His first volleyball was a Mikasa, red, white and green, bought from the department store a 20-minute drive away from his house. His first girlfriend’s name…probably starts with an A, or maybe it was Erika? 

On the first snow of the first winter he’s signed by the Black Jackals, he, like always, does not stop to consider commemorating these firsts, or even committing them to memory. Instead, he is contemplating if maybe he added some more weight to his squats and lower the reps, he could jump a bit higher. 

Bokuto puts some weird song on the speakers as they are stretching after a practice match just as the manager walks in and requests, firmly but politely, for it to be turned off (to which Bokuto begrudgingly complies). Atsumu smirks, then notices a girl standing behind the manager, about his age, wearing this profesh-looking black blazer. 

“You can resume you DJing later Bokuto,” Mr. manager jokes, “I just wanted to introduce you to our new lawyer, she’ll be responsible for all your contract renewals from now on…” blah blah blah corporate talk, legal words. 

Atsumu is more preoccupied studying the face of said lawyer. She has on this (fake) polite-looking smile. Where has he seen her face before? She pans her gaze across the team members, then meets his eye. He doesn’t bother looking away and neither does she. She just exaggerates her fake smile a bit more in acknowledgement, then goes on to introducing herself, all composed and lawyer-like. 

Yeah, the name doesn’t ring a bell either. But he definitely knows her from _somewhere_.

When the manager leaves with Ms. New-Lawyer-With-The-Fake-Smile, Bokuto resumes his noise-pollution and Hinata comes up to Atsumu with a grin. 

“Miya-san” the ginger sings in his excited not-quite-indoor voice, “what were you staring at?” obviously teasing.

“Her face”, the blond answers matter-of-factly, “I’ve seen it somewhere before. Can’t remember,” Too matter of fact, Hinata suddenly doesn’t know how to continue teasing.

\--

Ms. New-Lawyer-With-The-Fake-Smile is heading out the gym, exchanging unnecessary small talk with the Black Jackals manager. Oh yes the weather. It _is_ snowing. That happens…when it’s cold…
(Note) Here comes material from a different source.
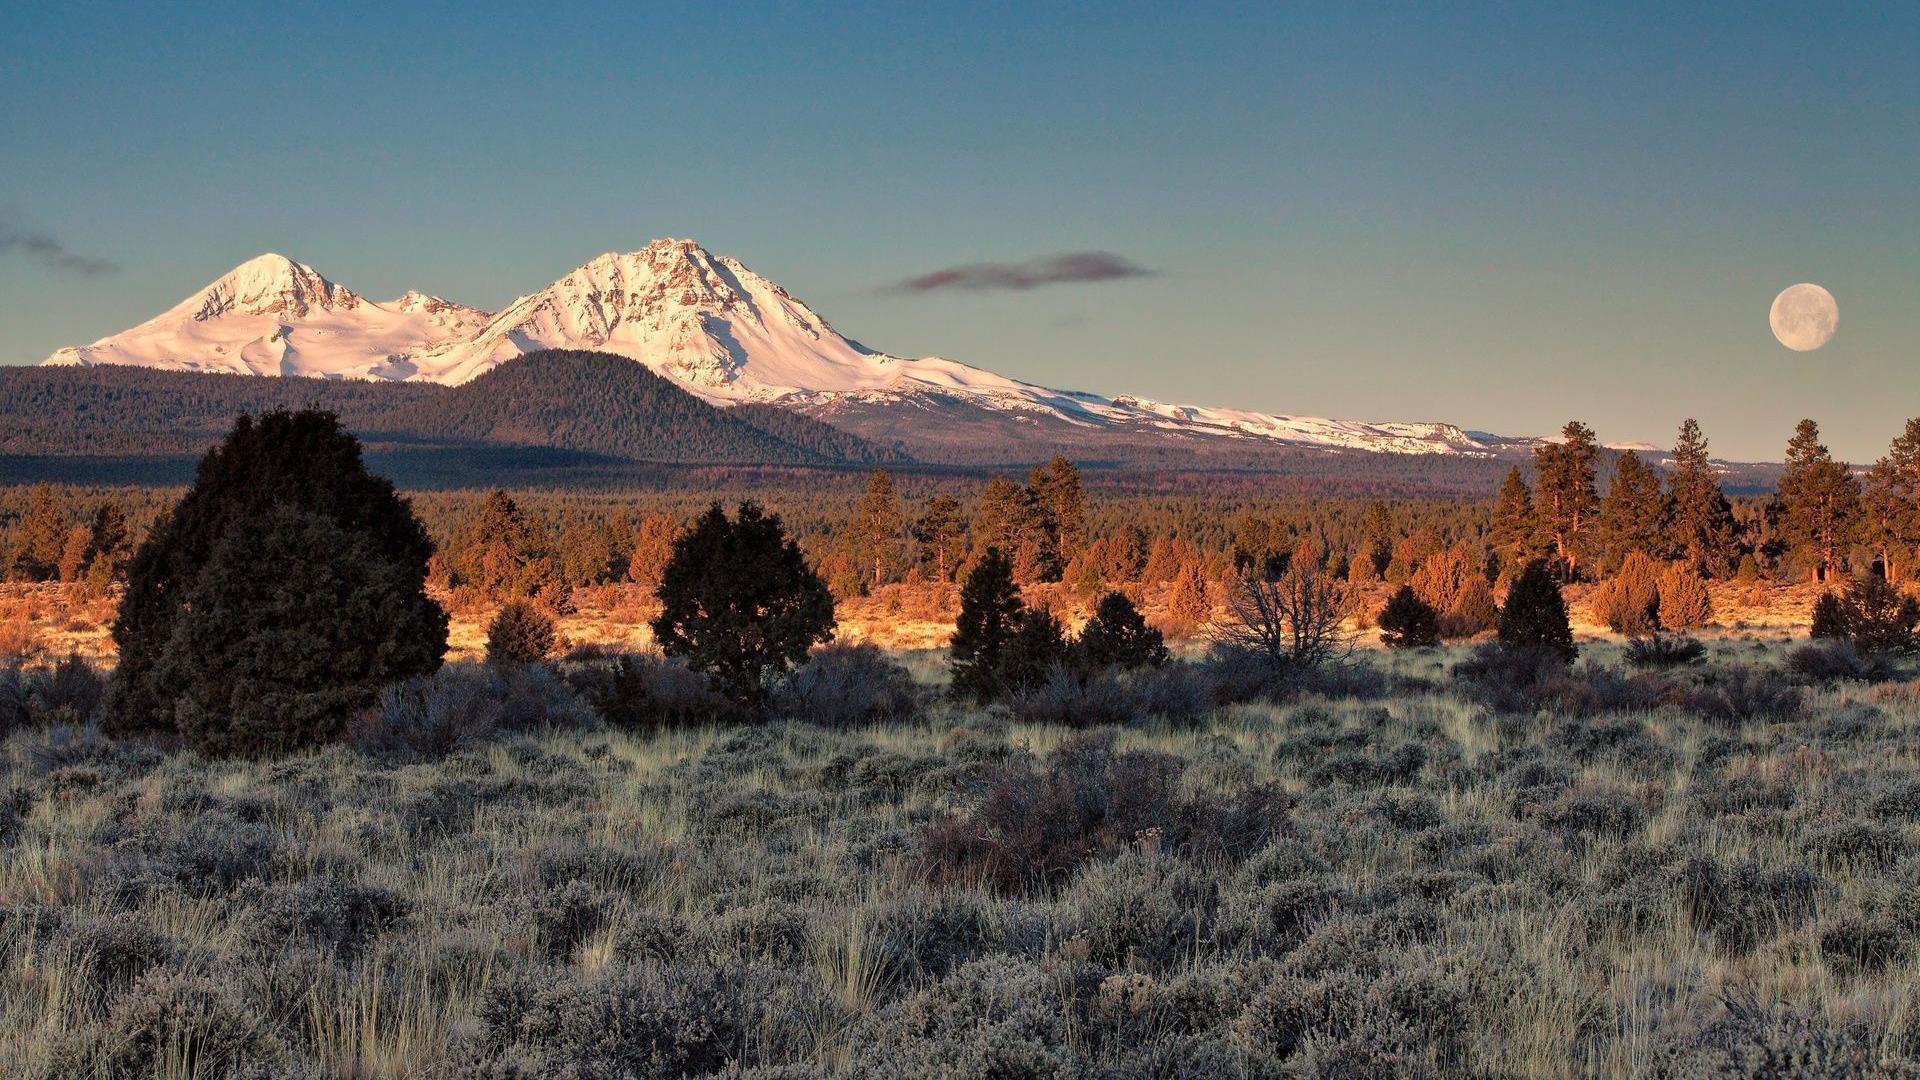 moon-over-desert-mountains-in-winter-299

“Oh, Miss (y/n), I recall seeing on your resume that you graduate from Inarizaki High”, sensing her disinterest in the weather, the manager attempts to change the topic, “our setter also came from that school. I wonder if you two know each other.”

She doesn’t respond with the sort of surprise or enthusiasm he expects, just politely, “Yes, Miya Atsumu”, with no intention of continuing with the conversation. All composed and lawyer-like. 

When she left, the team manager returns to the gym and revives the conversation with Atsumu in hopes of satisfying his curiosity. “Did you know her?” he asks the setter, coming off a little nosey to be honest, “you guys look to be about the same age.”

Atsumu raises his eyebrows. So that’s where he’d seen her face. He weaves through his memory for a second, then shakes his head, “I thought she looked familiar, but I dunno, didn’t recognize her name.”

\--

That one’s on him, him and his shitty memory and complete disregard for anything unrelated to volleyball. They did, in fact, know each other, or should have. She was in his class for three whole-ass years. His first girlfriend was her then-best-friend, whose name neither starts with an A nor is Erika.

She was a little awkward, not the out-spoken type, like a lot of people are in high school. Her friend who is _not_ named Erika, was much more charismatic than she, and was her neighbour. They grew up together. That’s why two completely unalike people could be best friends, but also why they no longer are. That’s just an unfortunate consequence of adulthood. 

The Miyas, on the other hand, were the dazzling type, oozing the sort of nonchalant charisma teenagers were obsessed with. Their impassivity and general indifference towards non-athletic endeavors (including girls and dating) only seemed to make them more alluring. And there were _two_ of them. 

She liked reading historical mangas and made friends with more teachers than classmates, but she was just like the other girls. She would sneak glances at the twins when she thought no one was looking. But Osamu was always more her type, at least that was what she said when her friend started dating Atsumu. Which, turned out to be a short-lived relationship, but who’s surprised?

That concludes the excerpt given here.